Griffin (1949) first introduced the concept of hydrophilic-lipophilic balance (HLB) to quantify for the relative affinity of surfactant for water and oil. According to this empirical relation, each oil is characterized by "required HLB?? (HLBreq), corresponding to the HLB of the surfactant resulting in the most stable emulsion. However, this method doesn't take into account the effect of other formulation variables such as salinity, hardness, temperature, alkali, alcohol (co-solvent) type and concentration and co-surfactant type and concentration.
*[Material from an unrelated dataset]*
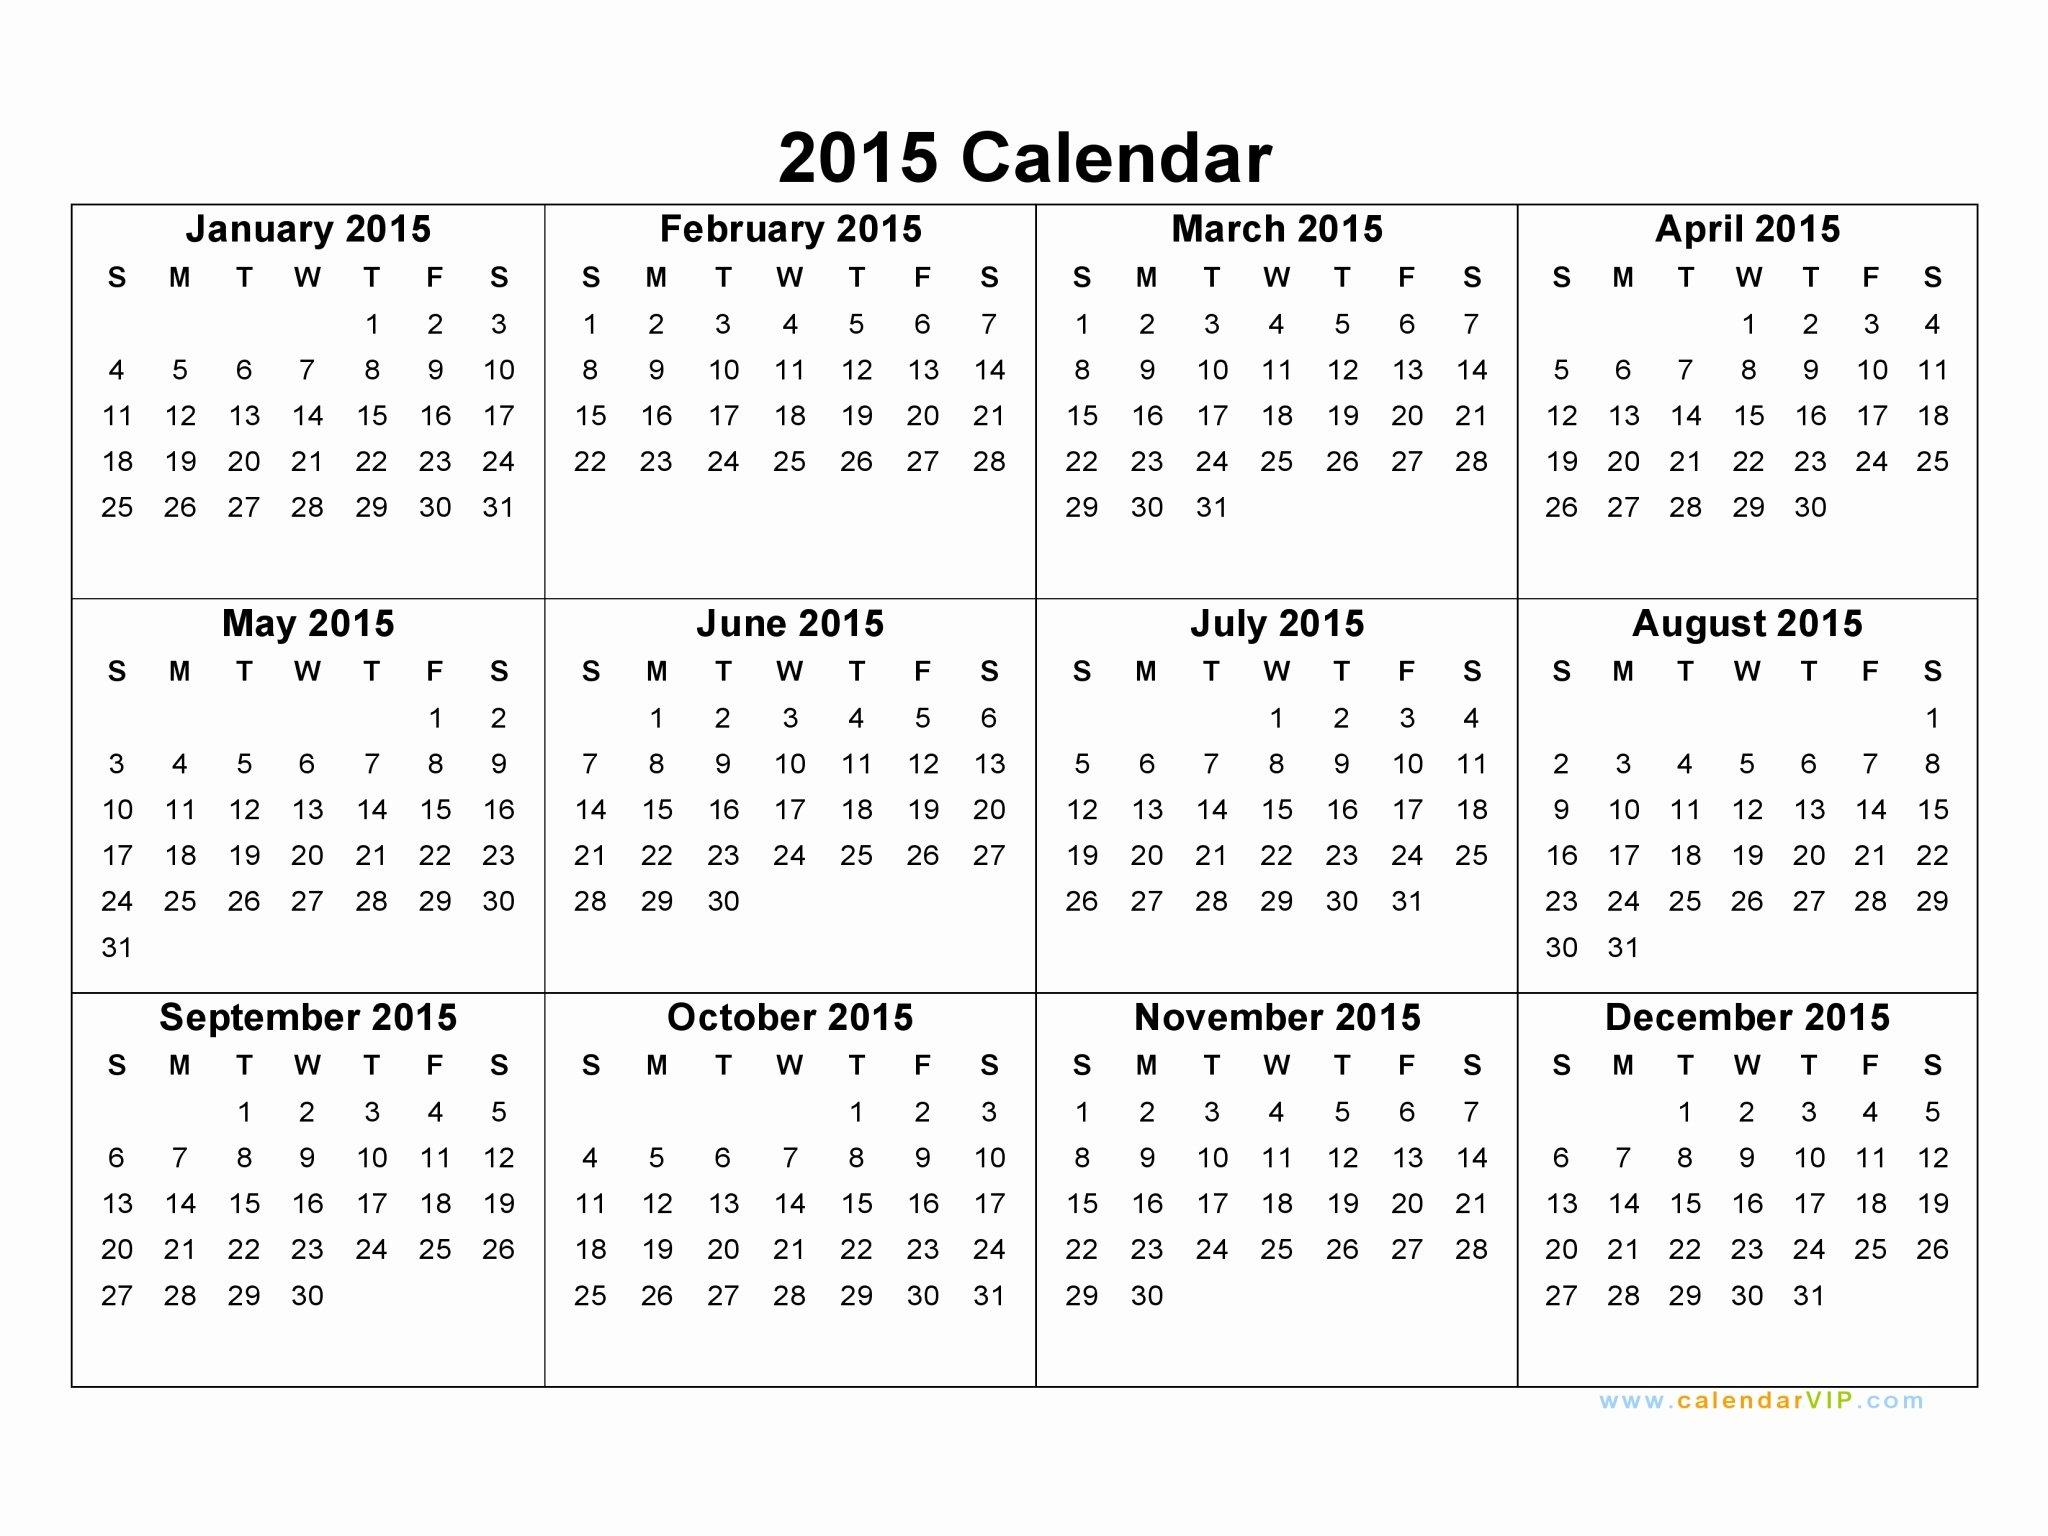 Payroll Calendar 2016 Template Elegant 2016 Payroll Calendar Template Blank

Winsor (1954) introduced the R-ratio that relates the relative energies of interaction between the surfactant adsorbed at the interface and the aqueous and oil phases surrounding it. It takes into account the molecular effects at the interface, but is still limited by the fact that energies of interaction cannot be measured experimentally. Shinoda (1964) proposed a method based on the determination of phase inversion temperature (PIT) - equivalent to cloud point phenomenon (decrease in hydrophilicity of ethylene oxide moiety of surfactants upon heating). It takes into account the effect of formulation variables (salinity, oil, additives), but in practice this technique can be applied only to ethoxylated nonionic surfactants, since ionic surfactants show opposite sensitivity to temperature.